Особенно интересно выступила представитель  Всесоюзного Пушкинского музея из Ленинграда. Серьезное, обстоятельное  изложение современных идей по музейной эстетике,  где с точки зрения  воздействия на посетителей осмысляется буквально все – вплоть до интервала  между экскурсионными группами. Познакомился с Александром Зиновьевичем Крейном, автором замечательной книги «Жизнь музея» – он  по возрасту уже не директор, а заведующий фондами  московского Пушкинского музея. Говорили более часа  о системе работы музея  с общественностью. По приезде в Ялту и у нас  появился Общественный совет во главе с М.В.Гулидой…
    Долго  беседовали с Евгением Абрамовичем Розенблюмом,  художником,  автором художественного оформления нового музея А.С.Пушкина на Старом Арбате.  Особенное восхищение вызвала его  выставка  А.Блока в Гослитмузее: вся она была выполнена из стекла, портреты поэта просвечивались друг через друга, создавая  представление о глубине, многогранности  поэзии  и личности Блока.  Меня особенно интересовали отношения  экспозиционера  и художника: мы всего год назад открыли новую литературную экспозицию – и сколько же шишек я набил в процессе общения с художником-оформителем!  М.Горелик  из Ленинградского Комбината живописно-оформительного искусства беспардонно навязывал свою волю, не считаясь  с правилами  хранения и экспонирования предметов. Мог  приклеить документ прямо к сукну. Мог  обкарнать  афишу или театральную программку. И в то же время  оставил большой зал без верхнего освещения, без вентиляции… Стационарные выгородки  лишили зал объема, в нем стало невозможно проводить массовые мероприятия. А ведь другого помещения нет, надо проводить и литературные, музыкальные вечера, играть спектакли, собирать конференции…
     По прошествии времени у меня родилась идея сделать зал-трансформер с  мобильными выгородками. Завхоз Валерий Буторин изготовил платформы на роликах, оклеил их зеленым ковралом. Передвижной подиум появился и у мемориального стола, который украшает нишу: за этим столом Чехов написал «Даму с собачкой», «Три сестры» и «Вишневый сад»… Пяти минут хватает, чтобы раздвинуть выгородки по углам и превратить экспозиционное помещение в зал для концерта или спектакля. Кстати,  мемориальный стол-ветеран  иногда снова служит святому искусству. В 2003 году  в зале игралась «Чайка» из театра «Омнимбус» (Златоуст): Констатин Треплев  выходил на публику с подлинным чеховским ружьем и писал за подлинным чеховским столом. Думаю, впечатления у актера и у публики остались на всю жизнь…

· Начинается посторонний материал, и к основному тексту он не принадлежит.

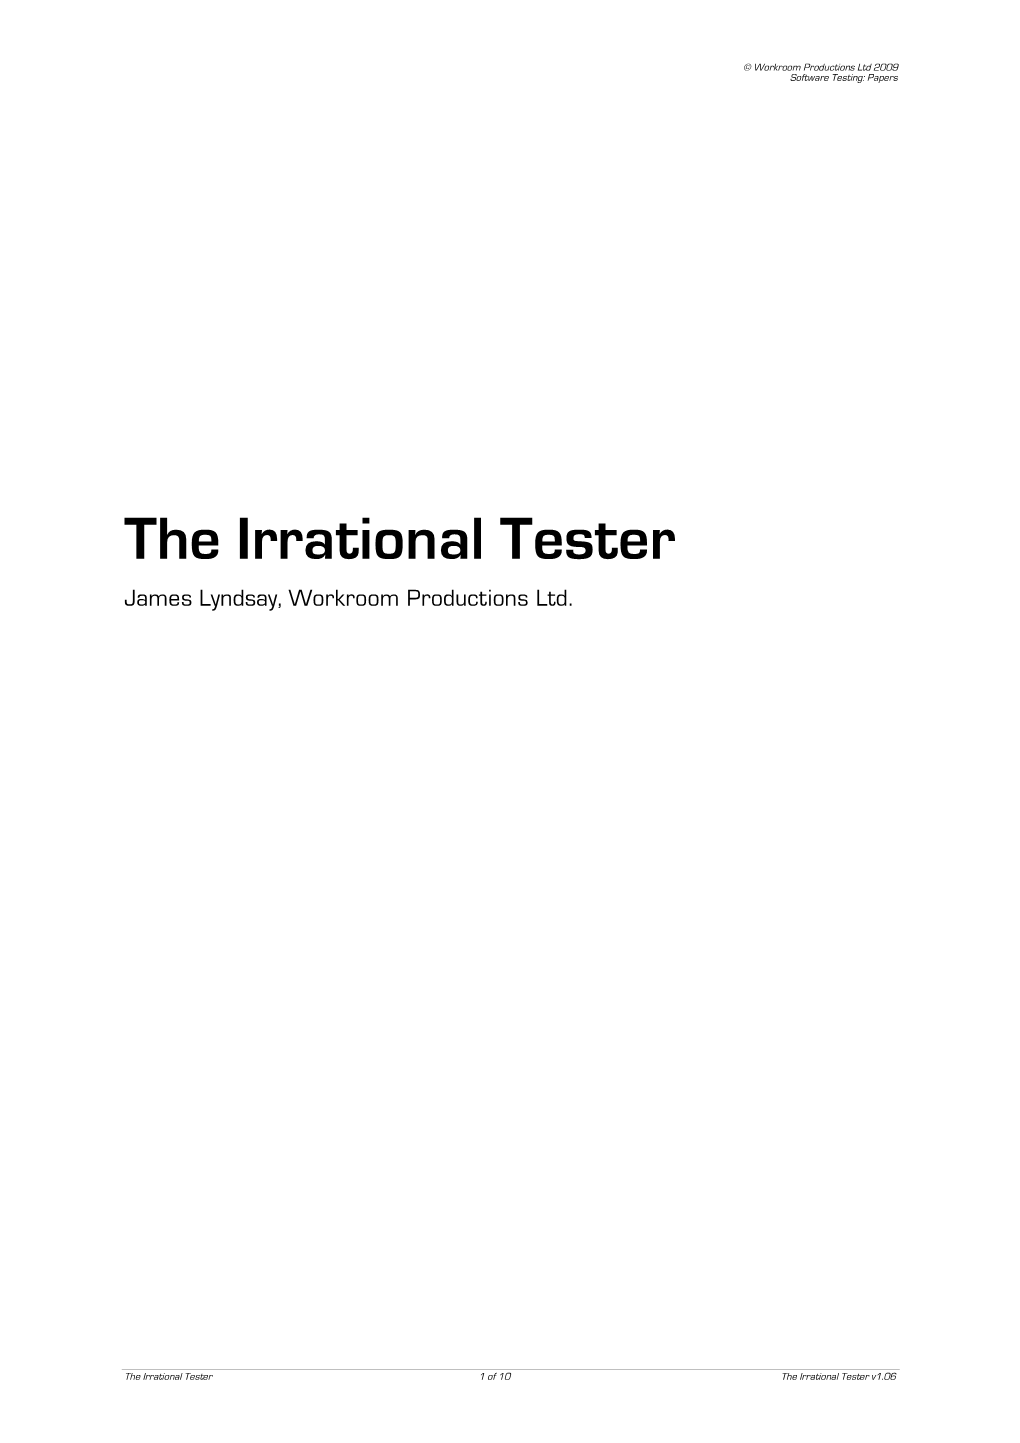 The Irrational Tester James Lyndsay, Workroom Productions Ltd

   Ну, а с художником Гореликом мы схватывались чуть ли не до драки.  Неужели  в общении музея и оформителя это норма?
    Розенблюм как раз и выступал на тему  таких взаимоотношений… По его мнению, музейщики должны представить научную концепцию экспозиции – и отойти в сторону. Далее – якобы  дело только художника. В разговоре признал, что еще ни разу не имел дела с  настоящей концепцией… При обсуждении мемориальной экспозиции музея Лермонтова в Тарханах  очень верно указал на недочеты,  прежде всего в самой  и д е о л о г и и  музея. Ведь именно здесь, в Тарханах,  в детские годы была  заложена  жизненная драма поэта и человека Лермонтова – трагический разрыв с родителями…  Идея драматизма судьбы  поэта  н и к а к   не заложена в экспозиции…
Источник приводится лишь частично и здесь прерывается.